Tunisie: Déconfinement et espaces de loisirs - A quand la réouverture «officielle» des boîtes de nuit ?

9 Juillet 2020

Après le déconfinement, tous les établissements de loisirs ont obtenu l'autorisation de rouvrir, à l'exception des boîtes de nuit et des cabarets. Certains espaces ont décidé, toutefois, de rouvrir leurs portes à leurs clients alors que d'autres, qui ont mis en place le protocole sanitaire exigé par l'Office du tourisme, attendent encore le feu vert de la commission chargée d'octroyer les autorisations d'ouverture. Inexplicable !

A pareille période de l'année, les boîtes de nuit deviennent un pôle d'attraction incontournable pour les jeunes épris d'amusement et d'évasions nocturnes, farniente de l'été oblige. C'est là qu'ils atterrissent le soir, qui en groupes de copains, qui en couple, qui encore en solitaire, pour danser et chanter. Pour la petite histoire, l'on sait que, de tradition, ce sont les villes côtières, notamment Hammamet et Sousse, qui abritent le plus grand nombre de ces établissements de loisirs qui attirent également les touristes et les célébrités du sport et du spectacle. Plus, Hammamet compte à elle seule pas moins de six boîtes, éparpillées le long d'une avenue, dont le légendaire Calypso fort prisé par les jeunes.

Grogne et attente

Or, il est bizarre de constater qu'à ce jour, aucune de ces boîtes exerçant dans nos murs n'a repris vie, pour ne pas avoir obtenu l'autorisation de réouverture. Renseignements pris, il s'est avéré que les autorités compétentes, en l'occurrence les ministères de l'Intérieur, de la Santé et du Tourisme, hésitent encore à leur redonner le signal de départ, et cela au nom de la sacro -sainte lutte contre le coronavirus. Il est évident que les autorités ont droit aux circonstances atténuantes, étant donné l'encombrement qui règne à l'intérieur de ces dancings, d'où la peine, peut -être même l'impossibilité d'appliquer la mesure préventive de la distanciation.

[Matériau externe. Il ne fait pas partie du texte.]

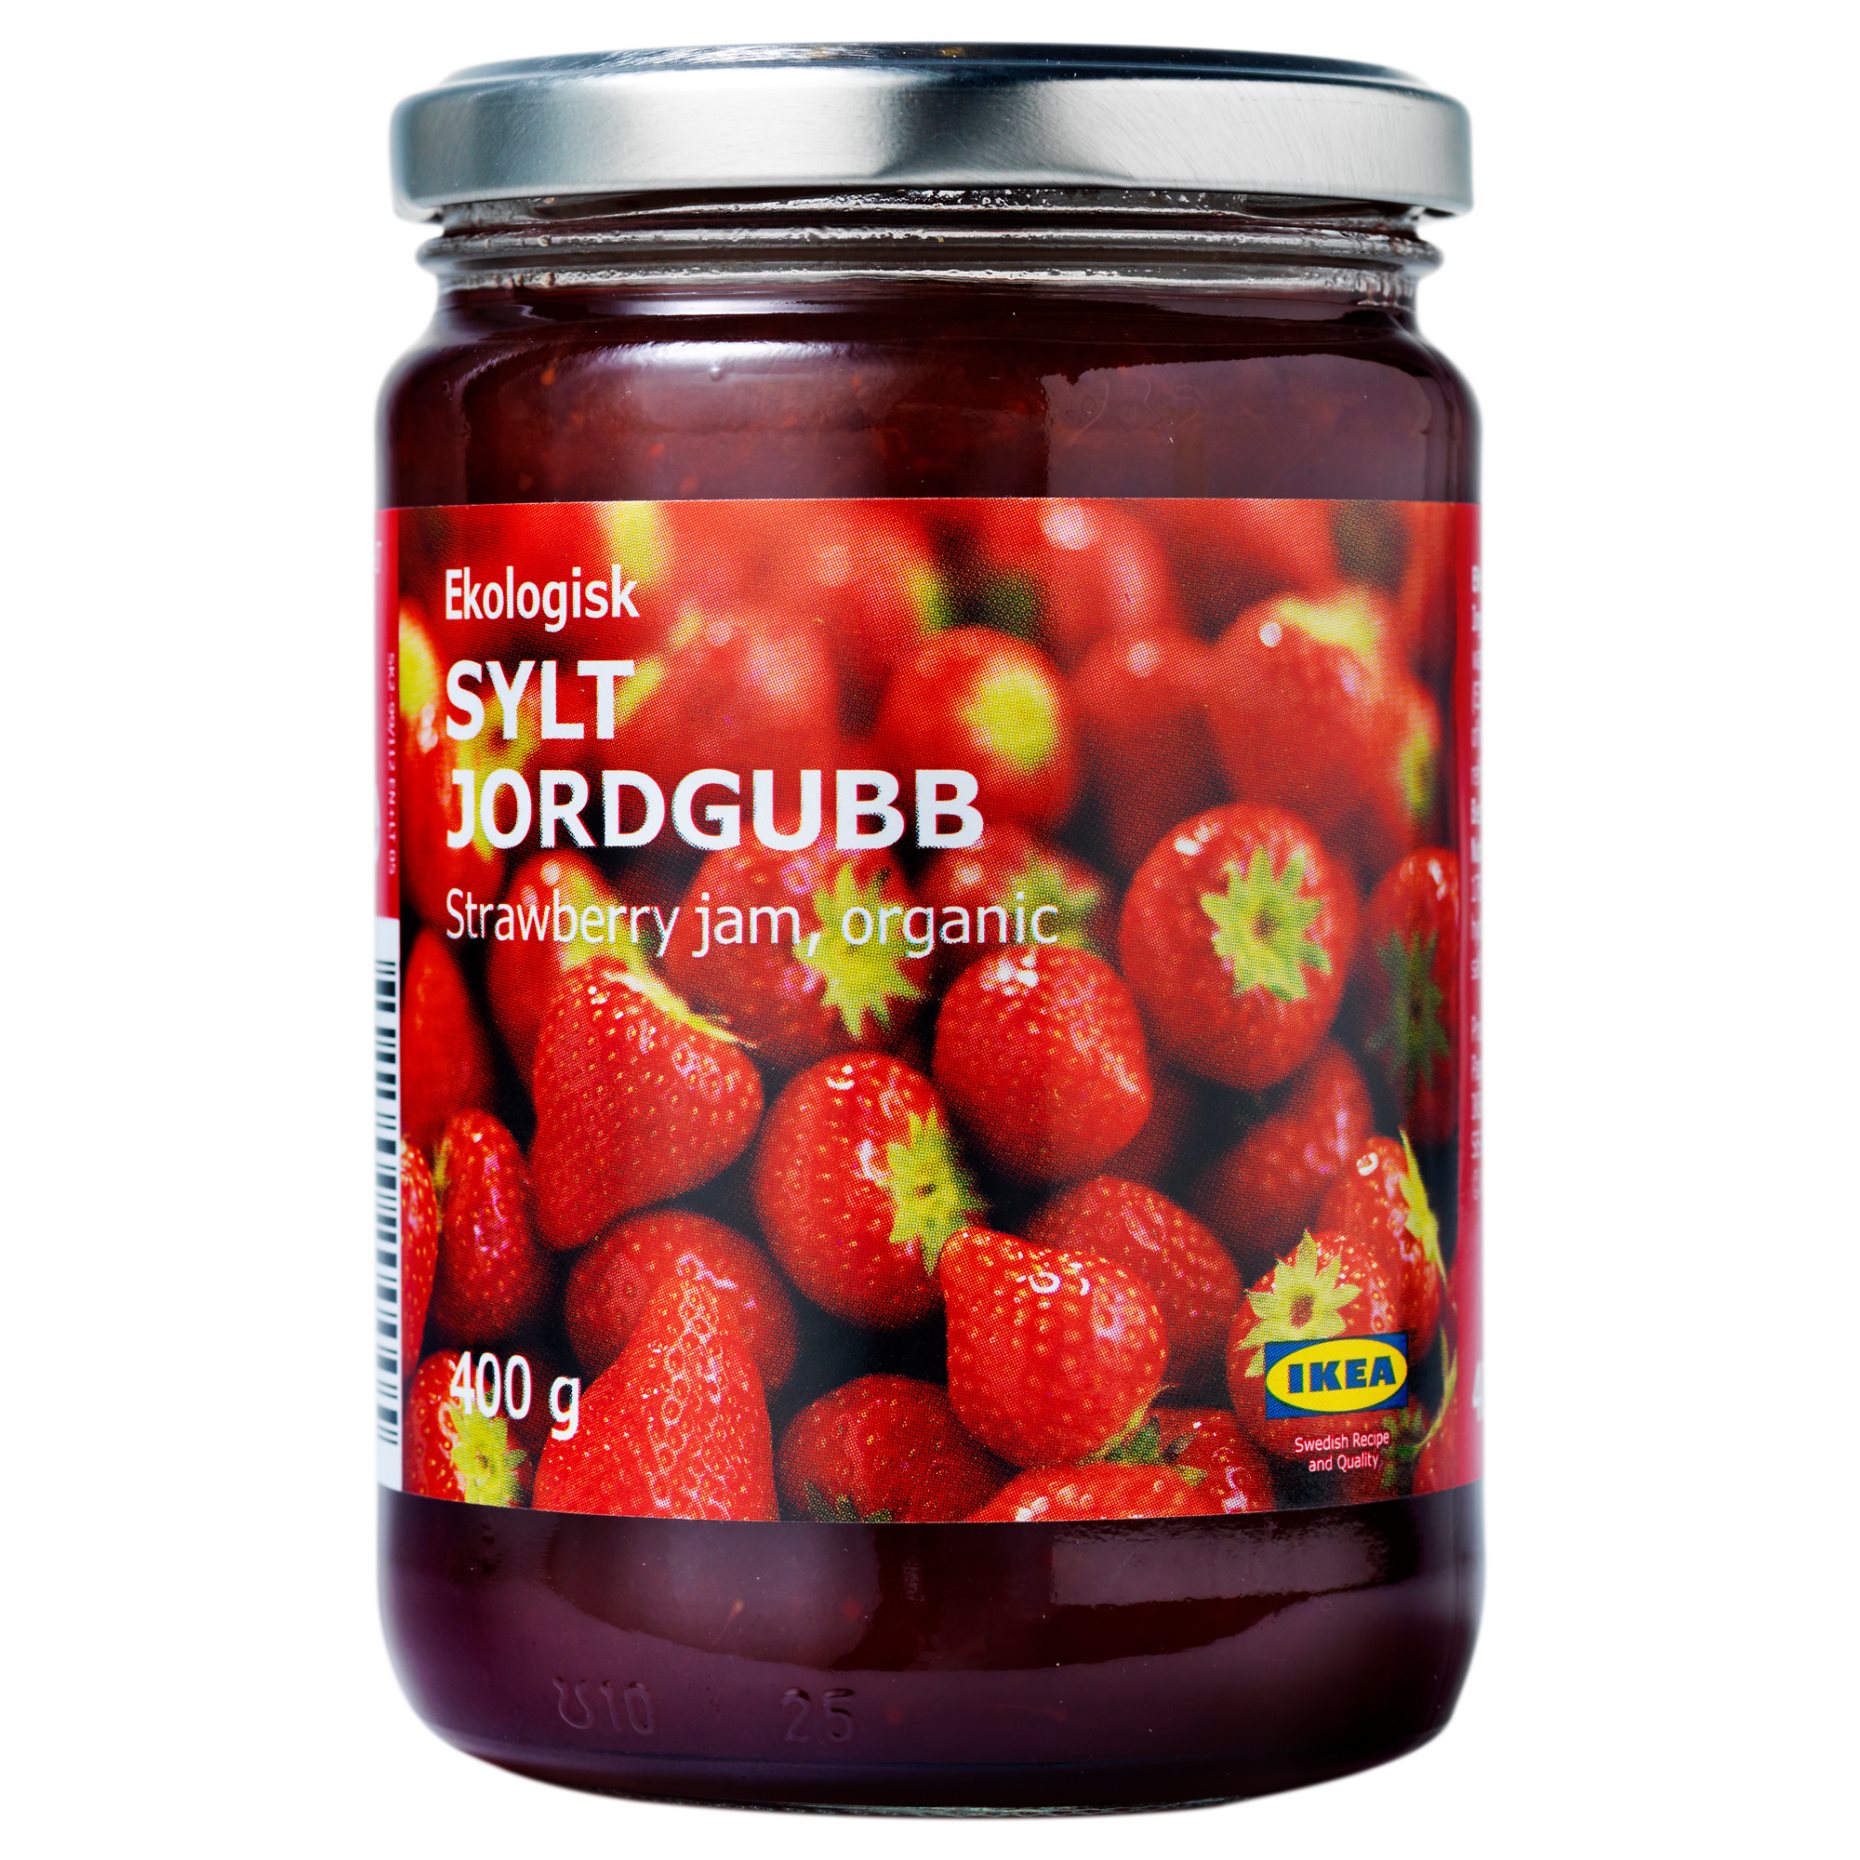 SYLT JORDGUBB, προϊόν επάλειψης με φράουλα βιολογικής γεωργίας 400 g, 701.509.20

Oui, mais, paradoxalement, cette restriction n'est pas, semble-t-il, respectée par la majorité des hôtels et restaurants touristiques du pays qui continuent, en toute impunité, d'inclure dans leur programme d'animation des soirées dansantes qui s'étirent jusqu'à l'aube !

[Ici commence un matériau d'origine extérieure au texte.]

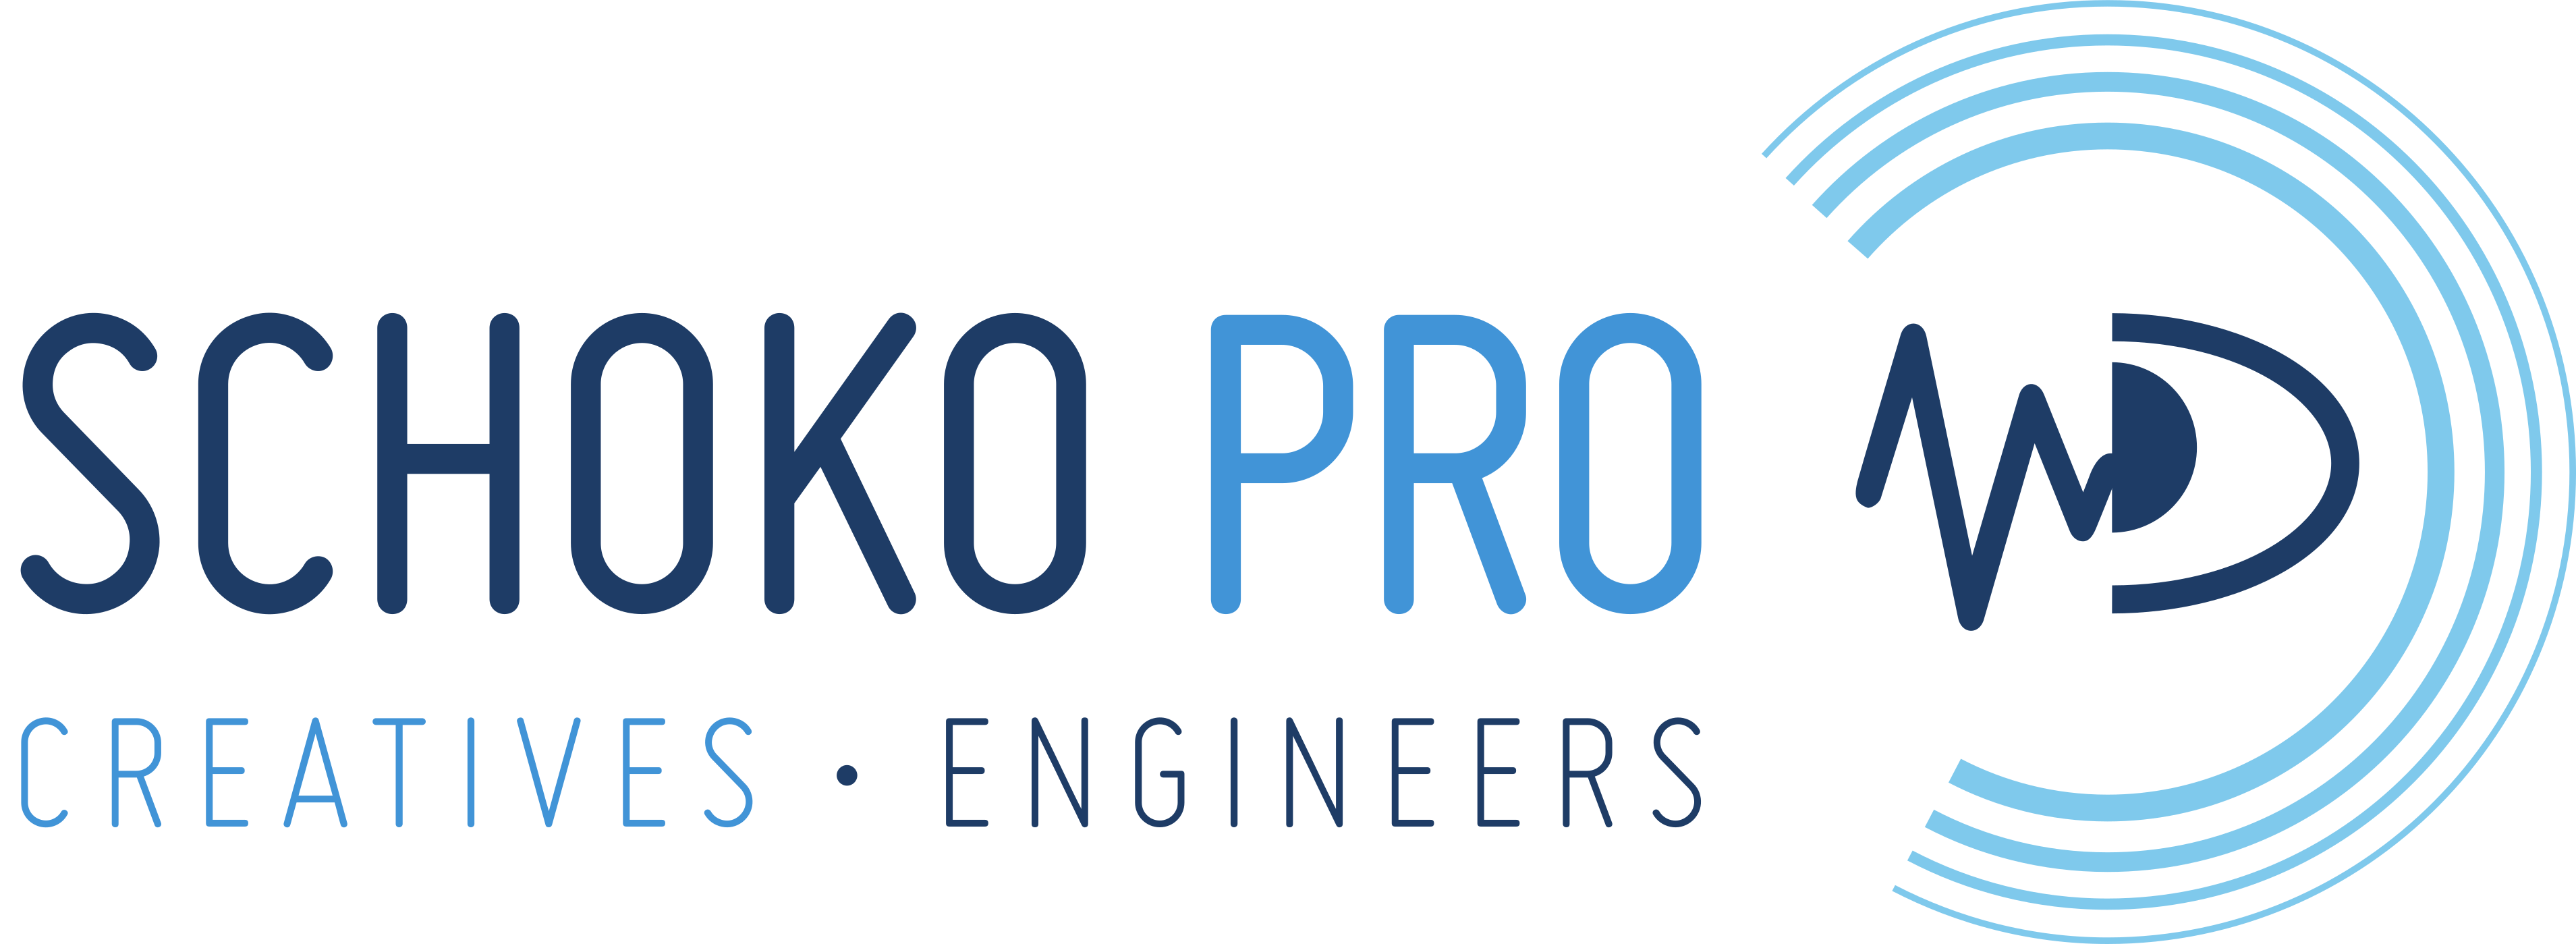 Schoko Pro Creatives Engineers

A.A, gérant d'une boîte de nuit huppée de Hammamet, s'en étonne, évoquant la politique des deux poids deux mesures. «Ou on généralise la loi à tout le monde, ou on libère tout le monde», tempête -t-il, en précisant que «notre établissement a pourtant répondu à toutes les conditions de réouverture exigées par le plan national de prévention contre la propagation du Covid -19. En ce sens que nous avons imposé le port des bavettes aussi bien à notre personnel qu'aux clients, tout en mobilisant un stock de gel et de javel pour désinfecter quotidiennement les quatre coins de la boîte. Que nous demande-t-on de plus ?».

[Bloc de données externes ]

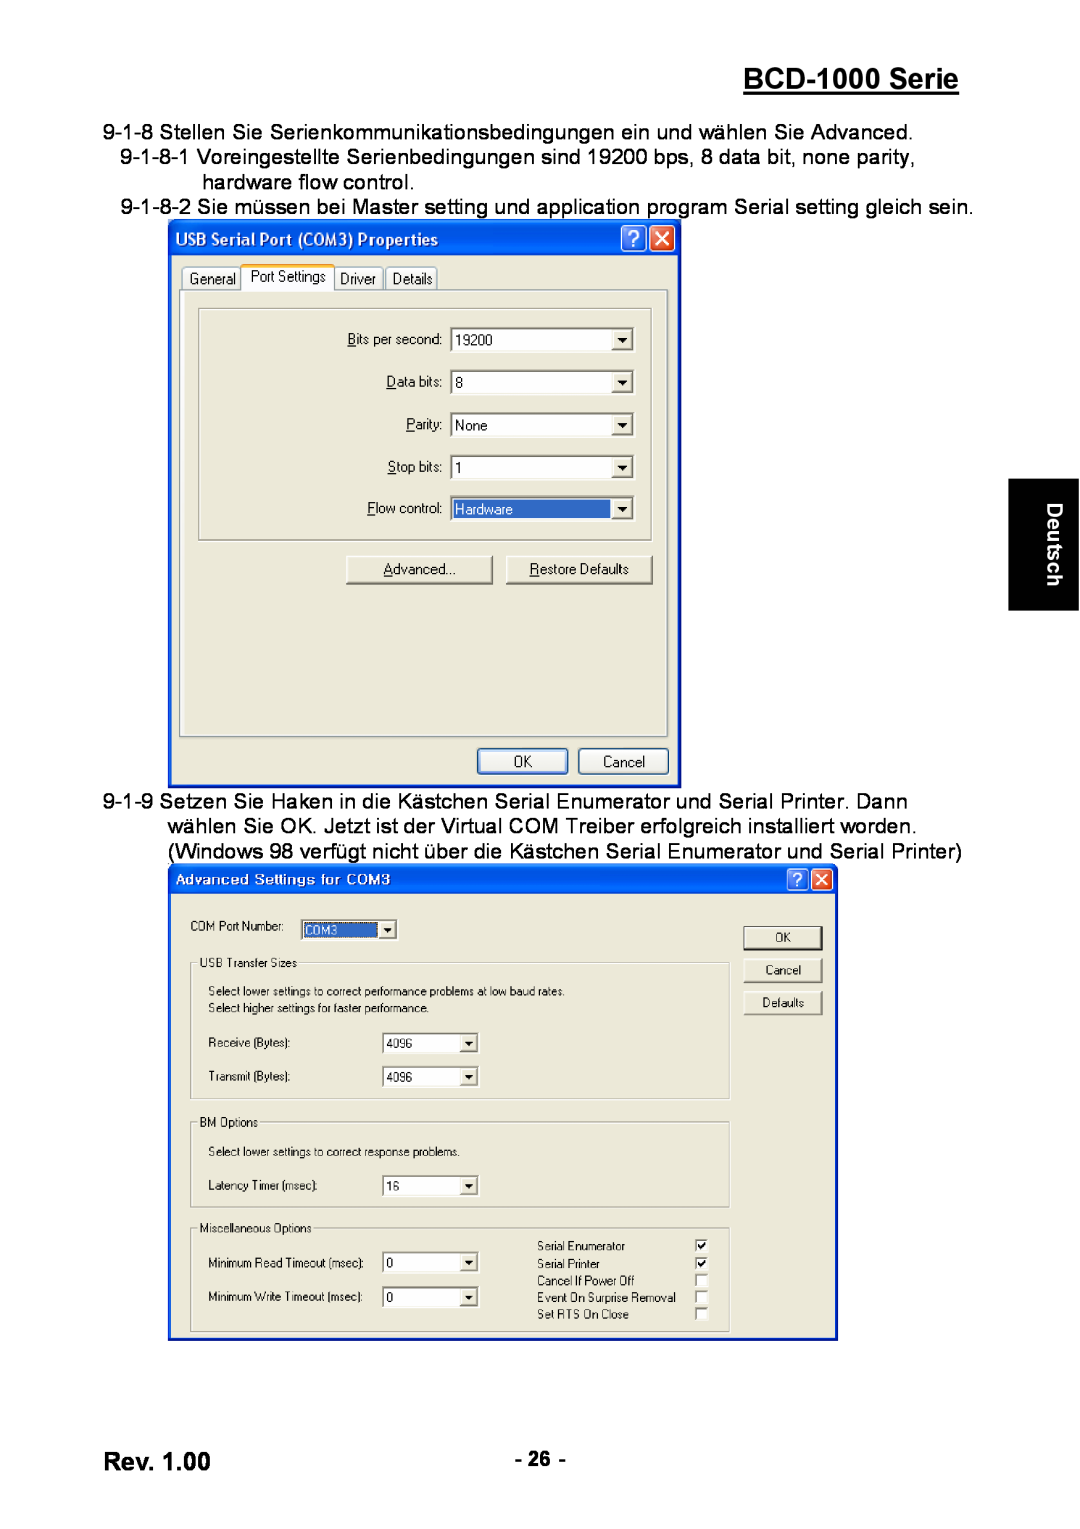 Samsung user manual BCD-1000 Serie, hardware flow control, Deutsch

La grogne de notre interlocuteur est, d'ailleurs, partagée par tous les professionnels du secteur qui n'hésitent pas à parler d'injustice criarde. Un petit exemple: l'un d'eux aux commandes d'un night -club situé à Gammarth est plus qu'irrité. «Non seulement nous n'ouvrons qu'en été, mais voilà qu'on nous prive carrément de notre gagne-pain». La colère est d'autant plus grande et générale que, pour eux, chaque jour non ouvrable équivaut à un énorme manque à gagner, outre ses répercussions désastreuses sur les plans familial et bancaire. «De surcroît, se lamente A.A, nous faisons travailler un important effectif formé essentiellement d'étudiants et de chômeurs dans le cadre du job d'été. Pauvre tourisme tunisien».

Mais, ce n'est pas fini, puisque la même enquête que nous avons menée a également montré que la piqûre est encore plus amère pour ceux qui sont sous contrat de location de la boîte. Ceux -là même qui, généralement, versent des acomptes sur la totalité du bail avant même de démarrer. Inconsolables, quel sort les attend ?

Pour conclure, nous pensons que tant qu'on a donné le feu vert aux hôtels et restaurants touristiques pour abriter des veillées dansantes, il n'y a franchement aucune raison pour que les boîtes de nuit ne rouvrent pas leurs portes.